Durante siglos, generaciones de eruditos intentaron sin éxito desentrañar los misterios de una de las civilizaciónes más antiguas del mundo: el antiguo Egipto. Todos estos intentos topaban con un obstáculo casi insalvable, y es que desde el siglo IV, cuando los últimos restos del paganismo fueron barridos por la incipiente religión cristiana, nadie había sido capaz de leer las antiguas escrituras egipcias. A esta escritura se le llamó “jeroglífica“, procedentes de palabras griegas que significan “escrituras sagradas”.
Pero la complejidad de esta escritura y la imposibilidad de conocer su significado convirtió a la palabra “jeroglífico” en sinónimo de enigma de difícil o imposible interpretación. Sólo un genio podría solucionar el enigma, y ese genio sería Jean-François Champollion.

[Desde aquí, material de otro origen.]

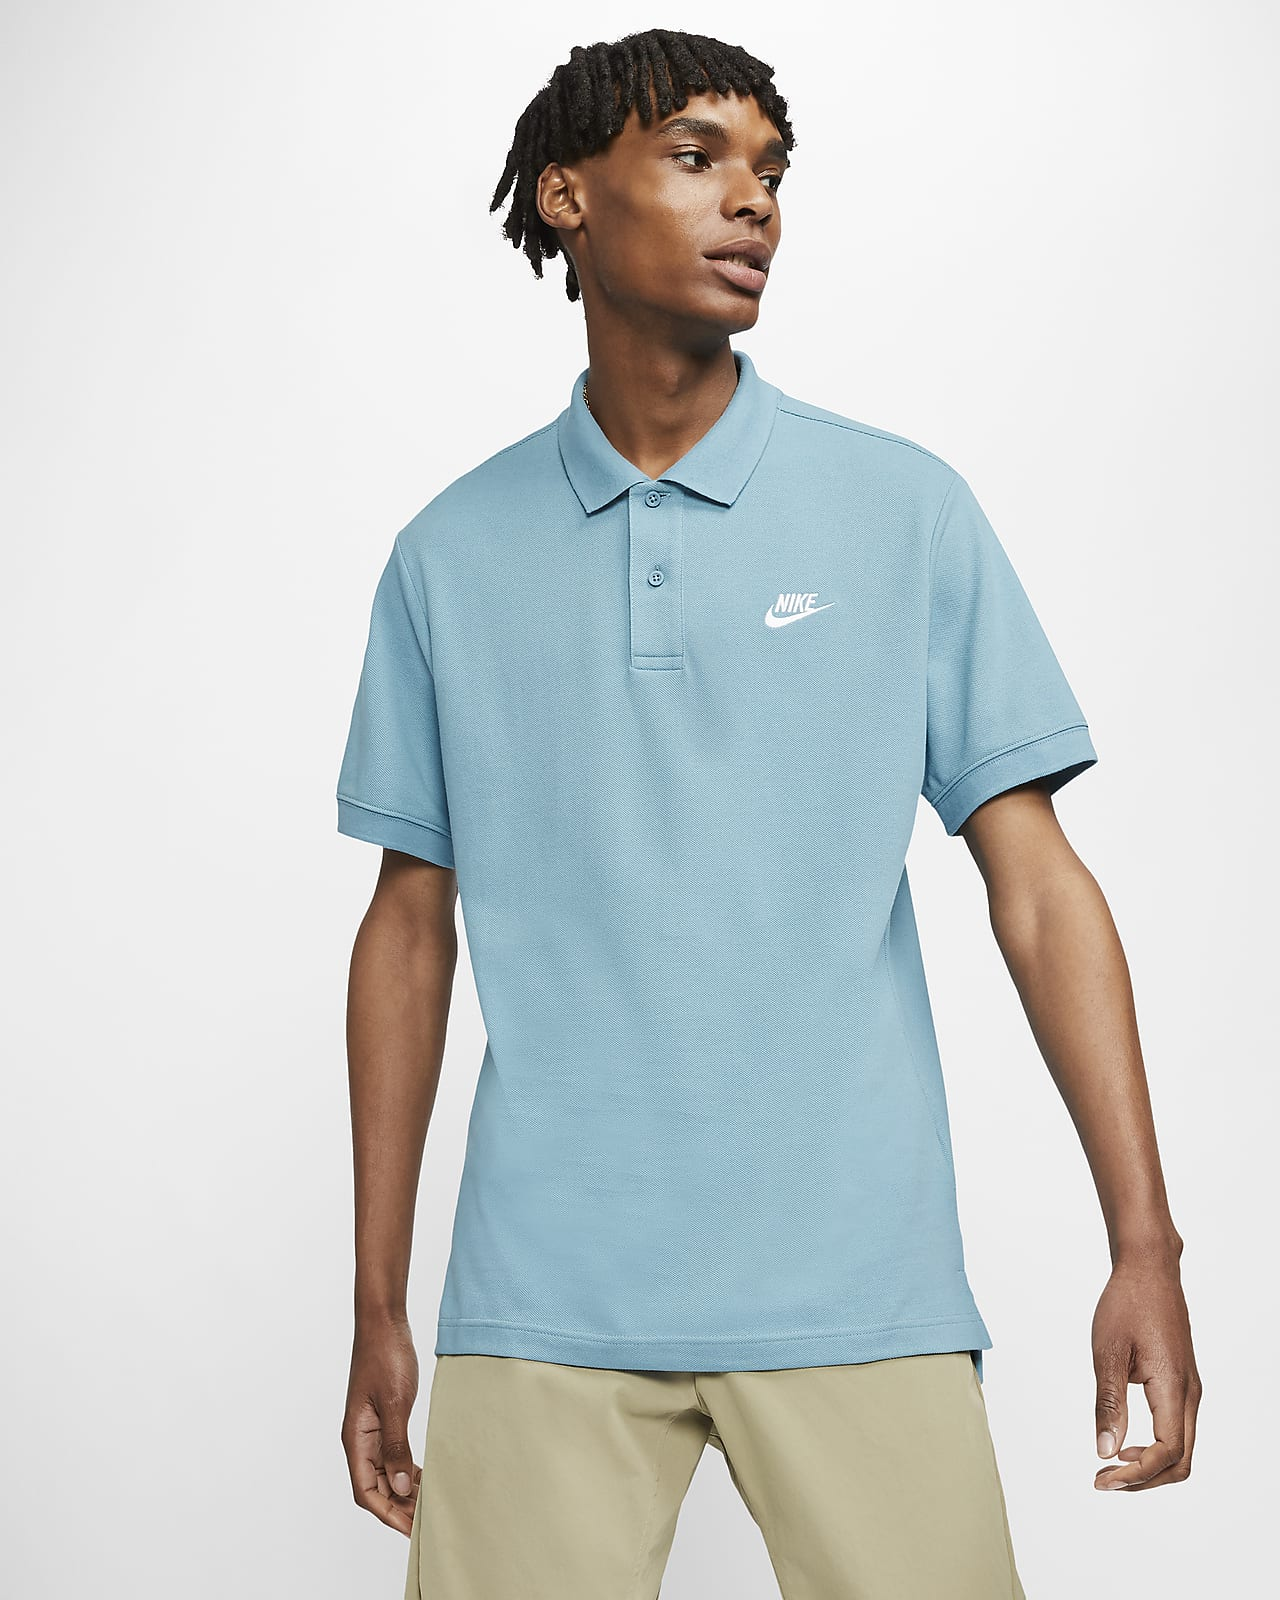 Nike Sportswear poloskjorte for herre

Champollion basó el trabajo de su vida en la traducción de los jeroglíficos inscritos en la Piedra de Rosetta, aunque curiosamente, él jamás llegó a ver con sus propios ojos la famosa piedra. Antes de ser cedida a los ingleses, los estudiosos franceses de la expedición egipcia realizaron copias de las inscripciones que terminaron llegando a manos de Champollion. Con estas inscripciones, con jeroglíficos procedentes de otros monumentos egipcios (entre ellos las del templo de Abu Simbel que encabeza esta entrada) y con muchos años de arduo estudio del idioma copto (idioma que desciende directamente del egipcio hablado en tiempos de los faraones), Jean-François consigió al fin desentrañar los secretos de la Piedra de Rosetta y, por ende, de la escritura egipcia.